Republic v Naomi Nechesa Sanya & Faith Kananu [2019] KEHC 6563 (KLR) | Bail Pending Trial | Esheria

Republic v Naomi Nechesa Sanya & Faith Kananu [2019] KEHC 6563 (KLR)

Full Case Text

REPUBLIC OF KENYA

IN THE HIGH COURT OF KENYA AT NAIROBI

CRIMINAL CASE NO. 10 OF 2019

REPUBLIC.......................................................................PROSECUTOR

VERSU

NAOMI NECHESA SANYA............................................1ST ACCUSED

FAITH KANANU.............................................................2ND ACCUSED

RULING

Both Naomi Nechesa Sanya, 1st accused, and Faith Kananu, 2nd accused, are charged with the murder of Felix Ng’ang’a. The offence is alleged to have been committed at an unknown location in Londiani within Kericho County on 14th day of January 2019. Both accused persons have denied committing this offence. Each accused has applied to this court to be admitted to bail pending the hearing and determination of this case. The application by the 1st accused is dated 8th April 2019 and filed on 16th April 2019. In the affidavit in support of the application, the 1st accused deposes that she has a right to bond/bail; that she is presumed innocent unless there is proof to the contrary.

In the written submissions highlighted in court by Mr. Michuki on behalf of the 1st accused, it is submitted that bail is a constitutional right under Article 49 (1) (h) that can only be denied if there are compelling reasons; that Section 123A of the Criminal Procedure Code does not set out limitations to the right to bail but instead sets out considerations to be taken into account by courts when admitting an accused person to bail; that the consideration of the strength of the evidence set out in Section 123A of the Criminal Procedure Code curtails the accused person’s presumption of innocence. Mr. Michuki cited the case of Republic v. Danson Mgunya & Another [2010] eKLR in which the court stated that strength of evidence should not be a consideration in bail applications because it inconsistent with the principle of presumption of innocence. It was submitted that Section 123A of the Criminal Procedure Code should guide the court in so far as it is not inconsistent with the Constitution and the Bail and Bond Policy Guidelines.

It was further submitted that the 1st accused has a young child who needs her care; that she has no previous convictions and undertakes to abide by the terms and conditions of bail that this court will set out; that she will reside in Kakamega where she will pose no threat to the witnesses and that the offence she is charged with has no implications on national security.

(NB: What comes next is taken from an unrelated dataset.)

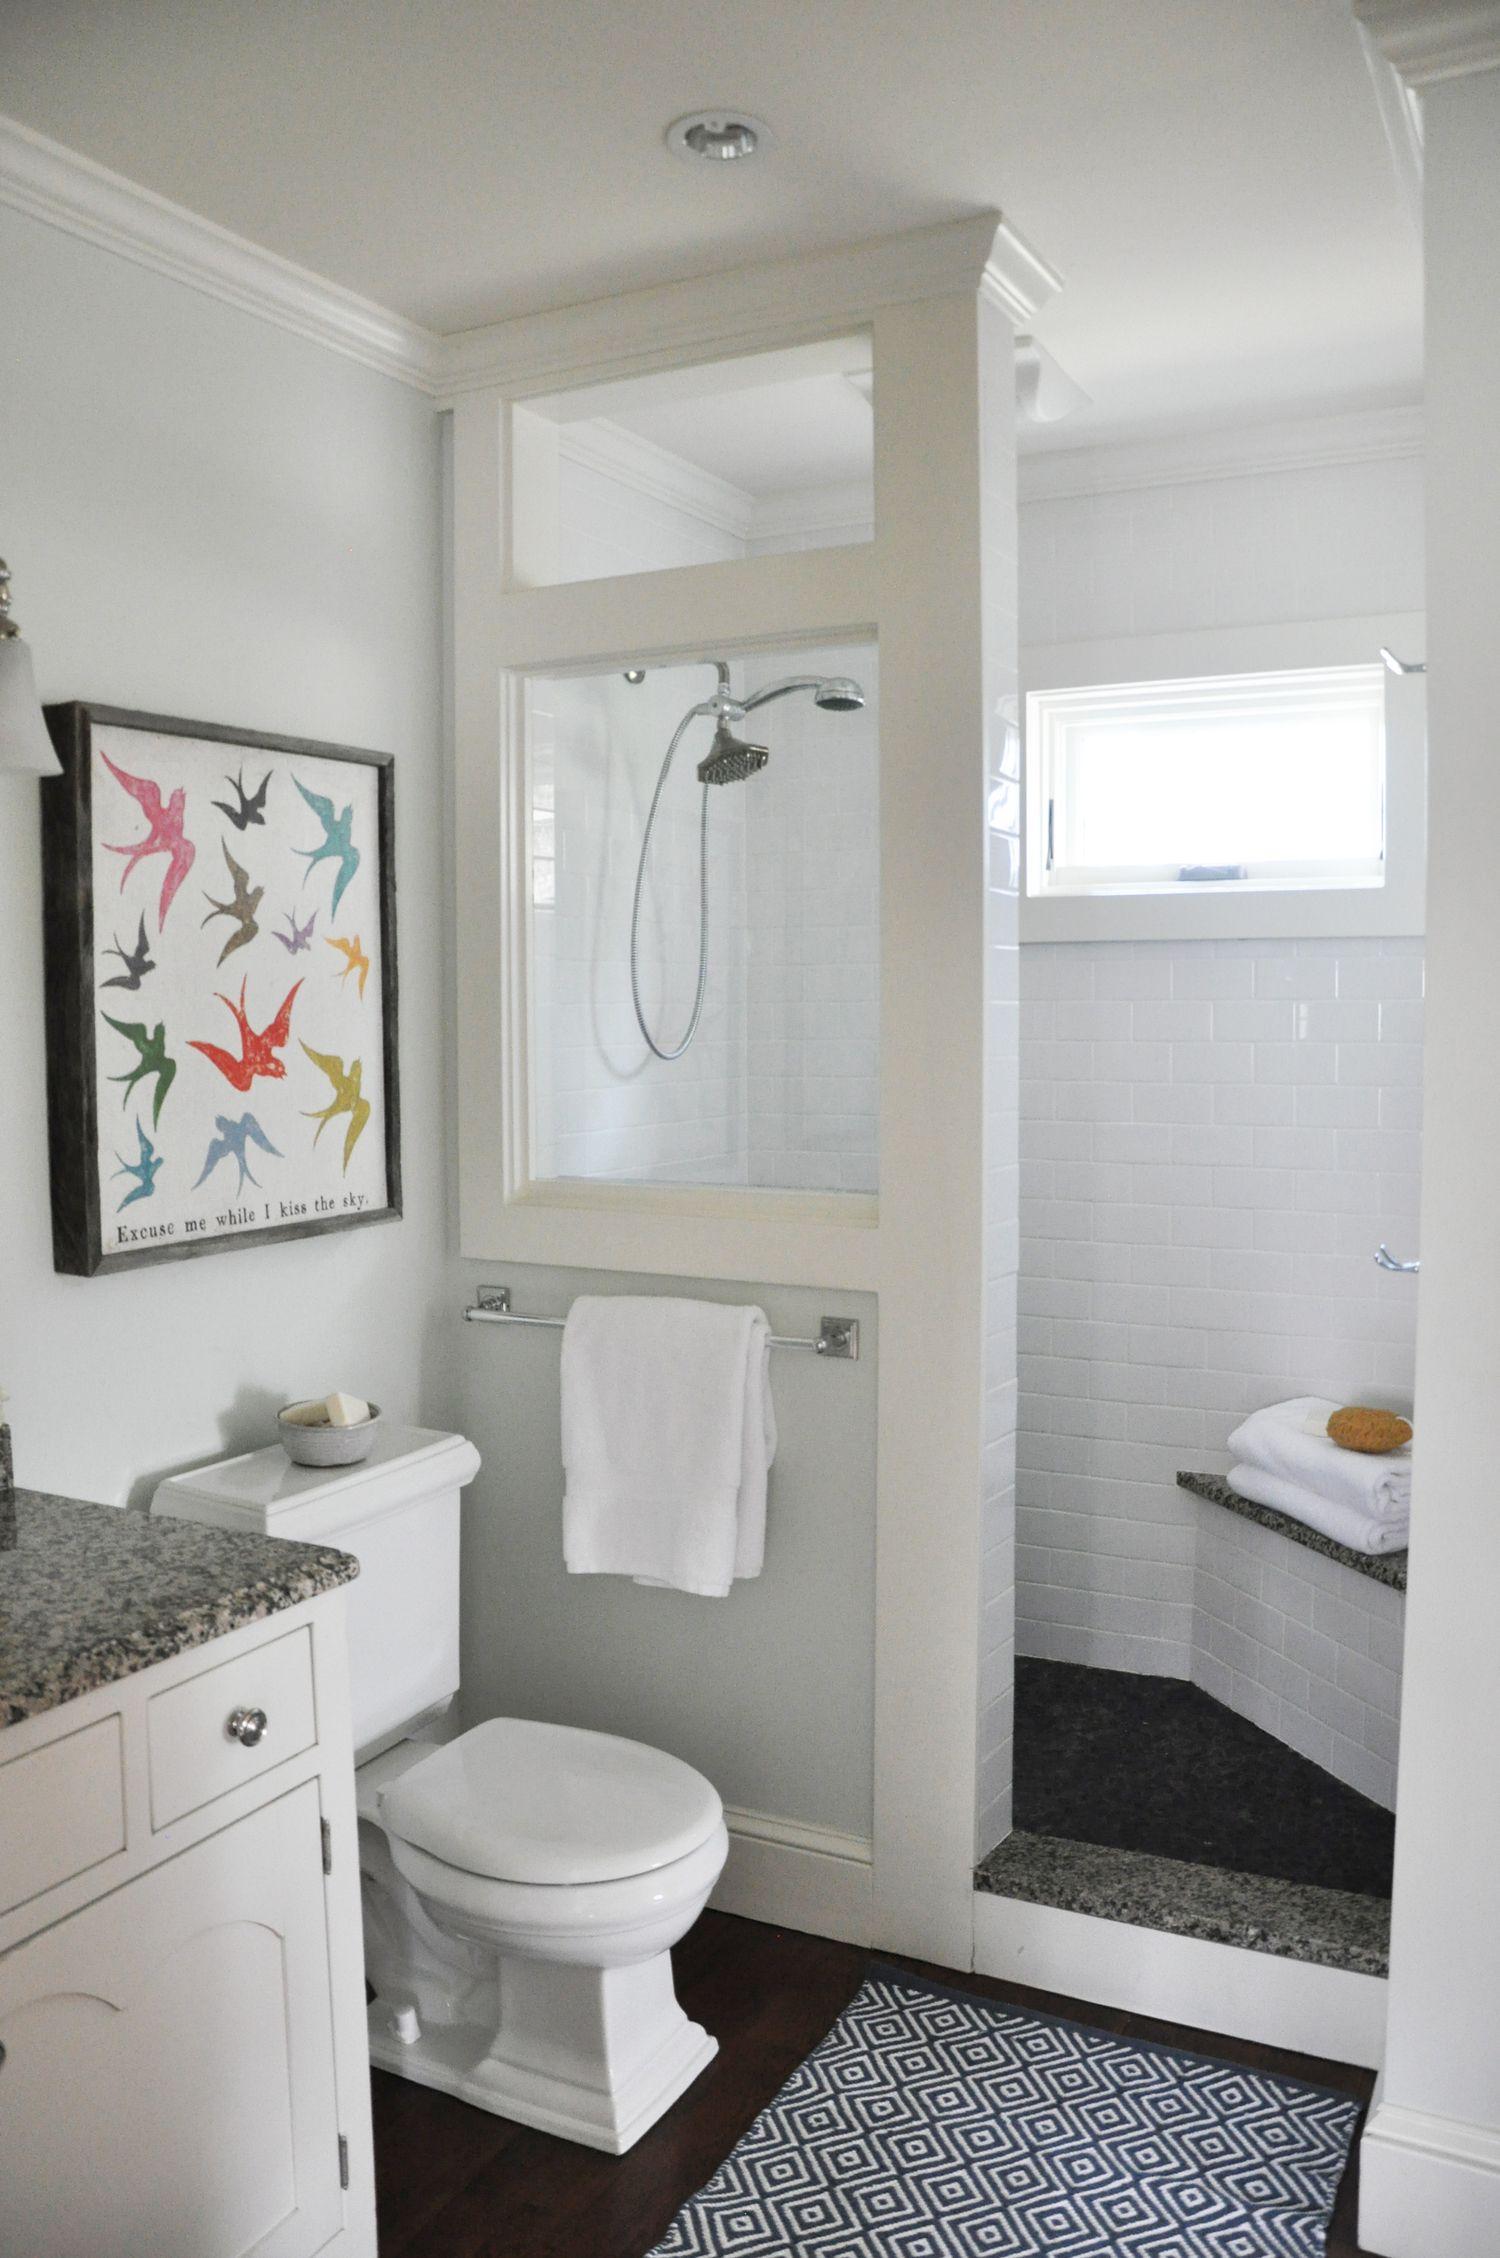 DIY Farmhouse Bathroom Remodel Plans for Sale! — Teaselwood Design

The 2nd accused’s application is dated 25th March 2019. In it she states that she is a mother of two children aged 18 years in University and in Standard 2; that she is not a flight risk and will not intimidate or threaten witnesses. In the supporting affidavit the 2nd accused deposes that at the time of her arrest she operated a saloon business based at Kawangware 46 where she resided.

Both applications are opposed by the prosecution. It was submitted that there evidence against the accused persons is overwhelming. It was submitted that the manner in which the offence was committed is cruel and inhuman and that the 1st accused fled after the commission of the offence and was arrested about one month after through Safaricom tracking. The prosecution submitted that it is apprehensive that the 1st accused may abscond if granted bail.

I have considered both applications and the submissions by the prosecution in opposition. Bail is a right guaranteed by the Constitution. It is a limited right because it can be denied where compelling reasons are given. I have considered the submissions by all the parties. I need not repeat that murder is a serious offence. Despite the seriousness of the offence the law allows accused persons the right to be released on bail/bond unless there are compelling reasons not to do so. The only reasons advanced by the prosecution are that the 1st accused may abscond because she was arrested one month after the offence was committed and that the evidence is overwhelming. I have taken this into account. In determining a bail application, the court must balance the rights of the accused and those of the victim. Justice will not be served if the accused were to jump bail. It is only when the accused person faces the law by attending court to the conclusion of the case either by acquittal or conviction can justice be said to have been served. This is the reason courts considers the paramount consideration in bail applications to be that an accused person is able to attend court until the case is fully heard and determined.

To secure the attendance of the accused person the court determining bail application must set out reasonable terms and conditions of bail.

It is my view that the strength of the prosecution case cannot be determined before the evidence is tabled before the court. Having taken into account all the submissions, it is my view that the attendance in court of the accused persons can be secured by setting out stringent terms and conditions of bail. It is for this reasons that I make a finding and so hold that the prosecution has not satisfied this court that there are compelling reasons to deny the accused persons bond. I will and do allow both applications for bail/bond and admit each of the accused persons to bail on the following terms:

(a)  Each accused shall execute a bond of two millions (2,000,000) Kenya shillings with one surety of similar amount or two sureties of one million (1,000,000) each.

(b) In the alternative each accused is at liberty to pay cash bail of Kenya shillings Five Hundred Thousand (500,000).

(c) The accused persons are cautioned to attend court without fail until this case is heard and determined.

Orders shall issue accordingly.

Delivered, dated and signed this 7th May 2019.